On the topic of immigration, Coelho said his grandfather was an illegal immigrant who stowed away on a boat.“(The United States) is the only country in the world where people are fighting and dying to get in,” he said. He also told a story about the Hmong forces that helped U.S. troops during the Vietnam conflict. Many moved to the United States once the U.S. occupation in Vietnam ended. Coelho recalled later meeting with a mayor of Merced, who described the problems he’d had with the Hmong immigrants who came to live in his city. The cultural divide between the recent arrivals and some longtime Merced residents had led to unfair judgments of the newcomers. He went around the room and told the people of Merced that he was surprised to see them there, because he remembered how upset each of their predecessors had been when their communities were degraded — be they Italian, Dominican or black.

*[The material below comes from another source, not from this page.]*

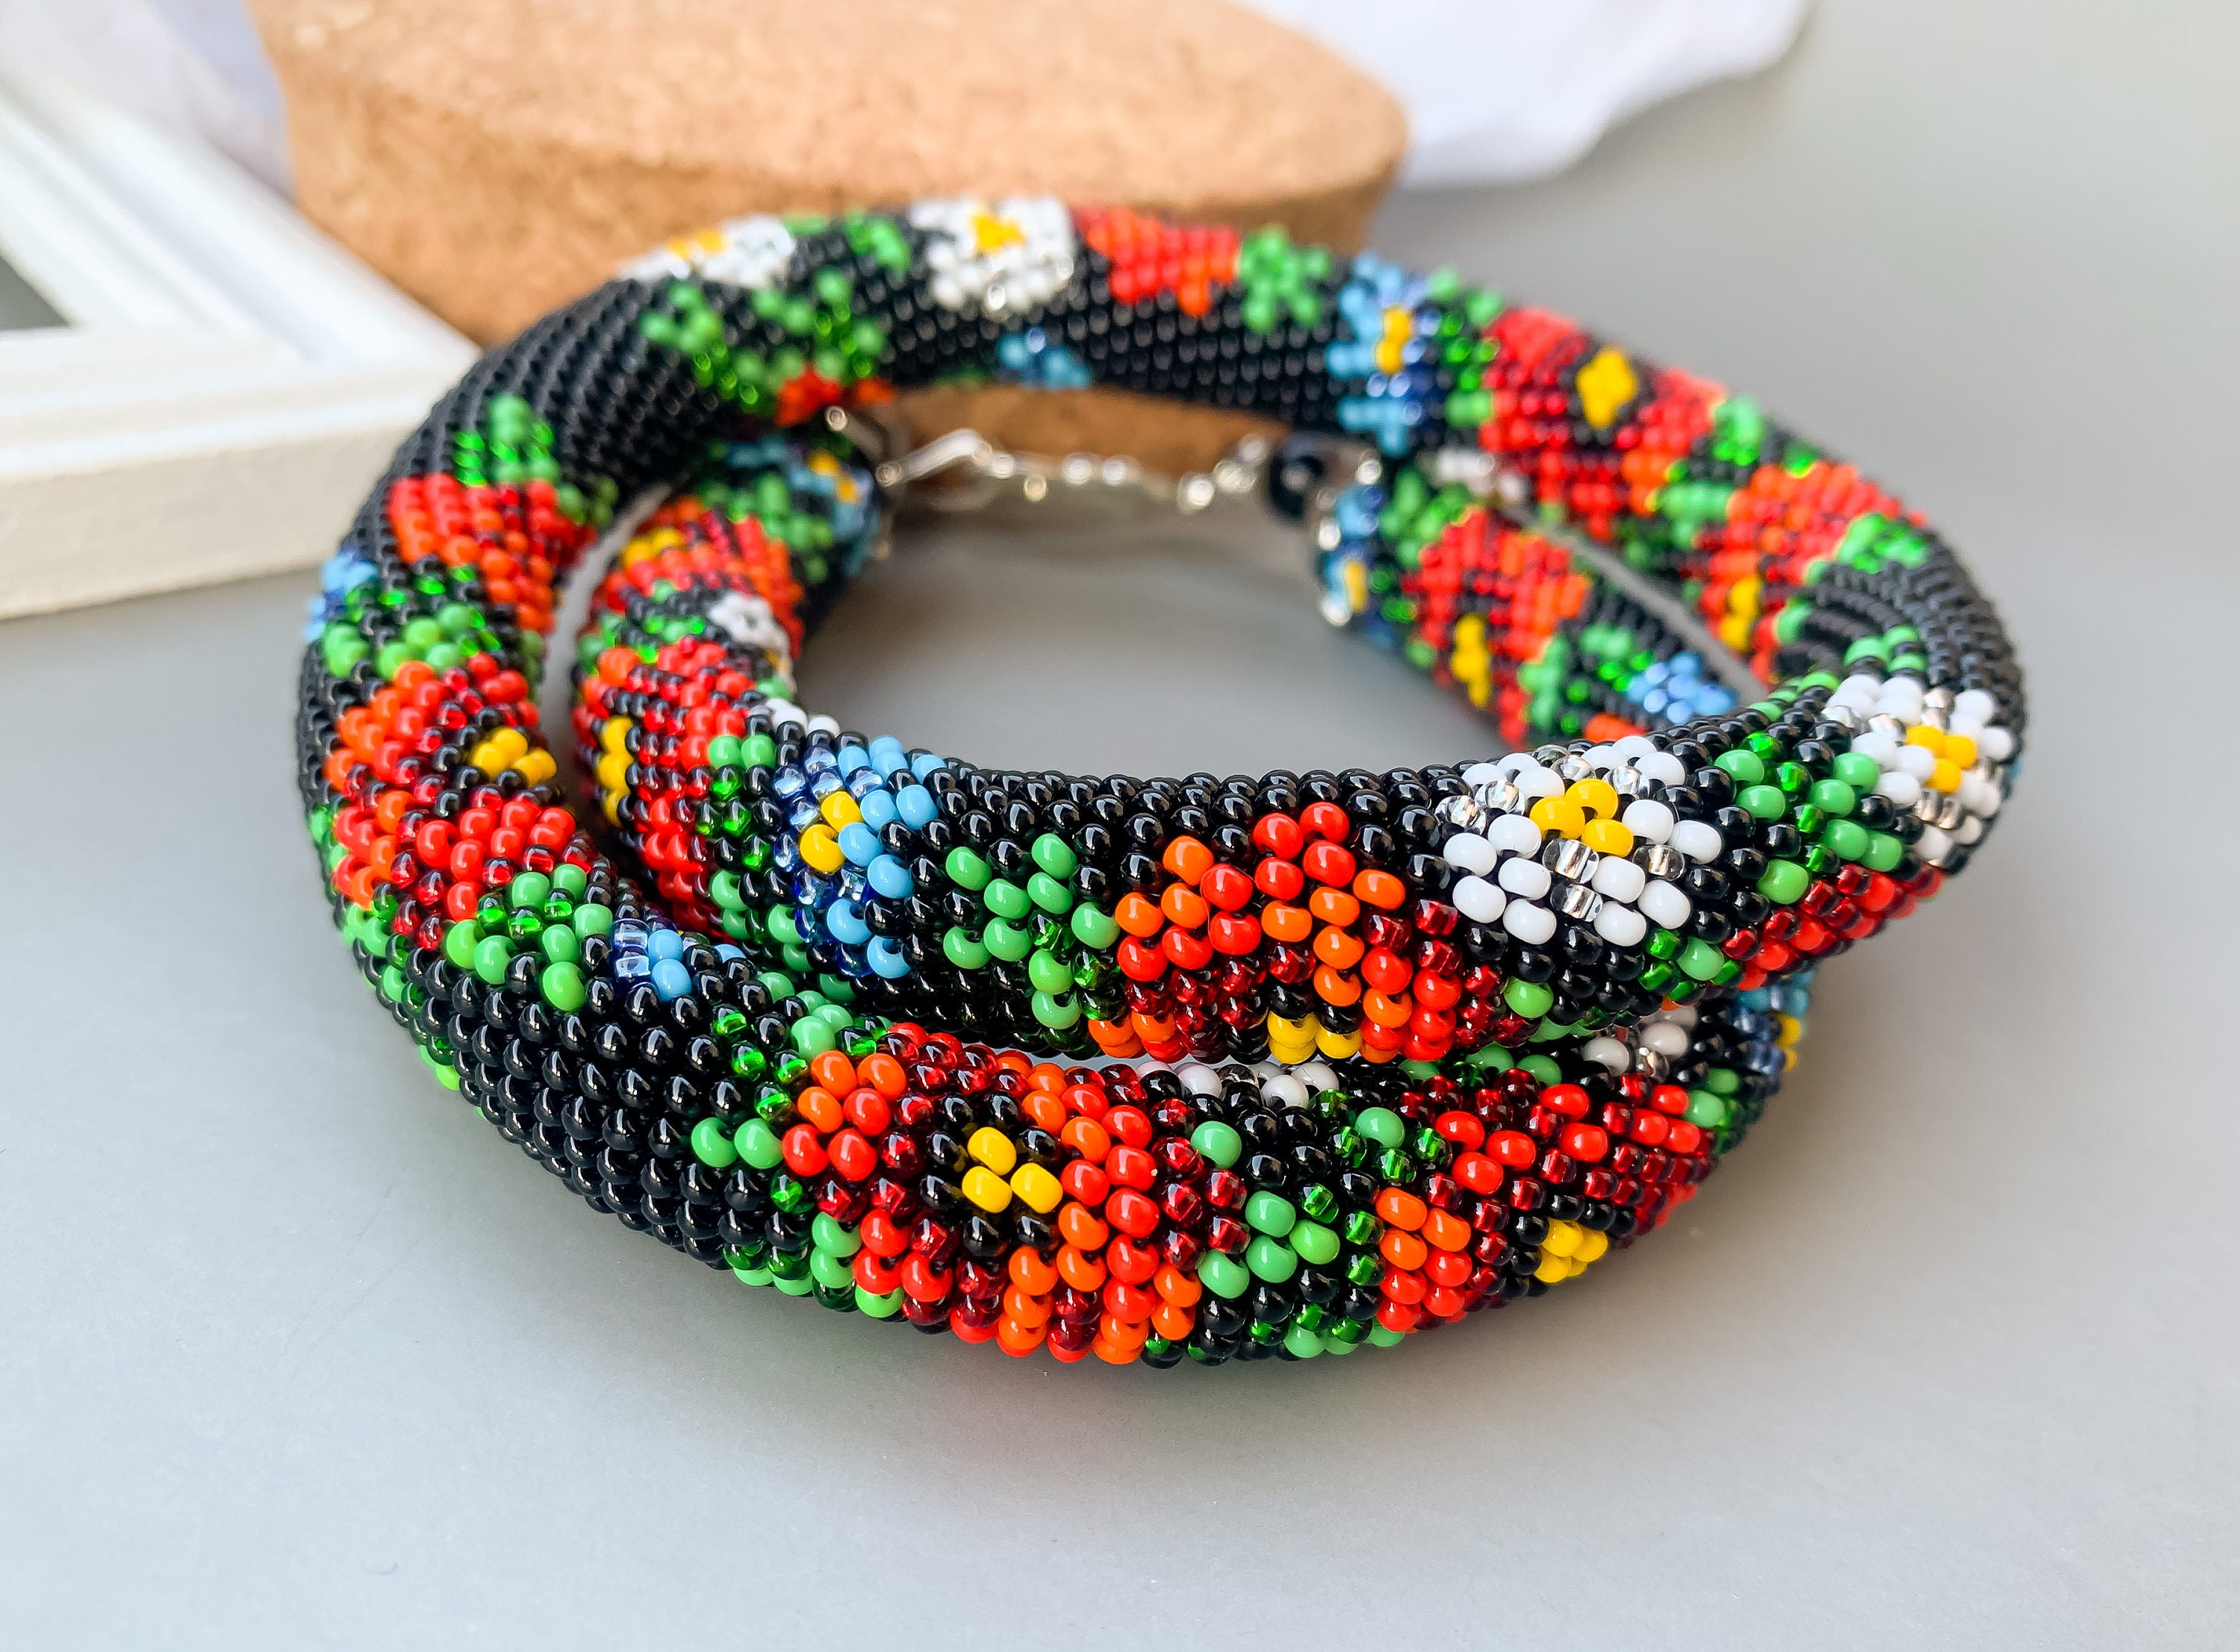 Bead crochet kit bracelet, Craft kit for adults, DIY jewelry - Inspire  Uplift

Locally, the organizers of Wednesday’s event hoped it would generate funds to help in the Central Valley. Neil Hudson, president of the Central Valley Democratic Club, said his party is interested in improving health care and public education, conserving farmland, stopping global warming and reducing oil consumption. The money raised at the event will go to the Central Valley Democratic Club, but it was the Democratic Westside Committee that spearheaded the evening. Patterson resident and Westside Committee member Gordon Barbosa said his organization hoped to raise at least $3,000 from the event. “Our goal is to get Democrats elected, but also to create more harmony between both parties,” he said.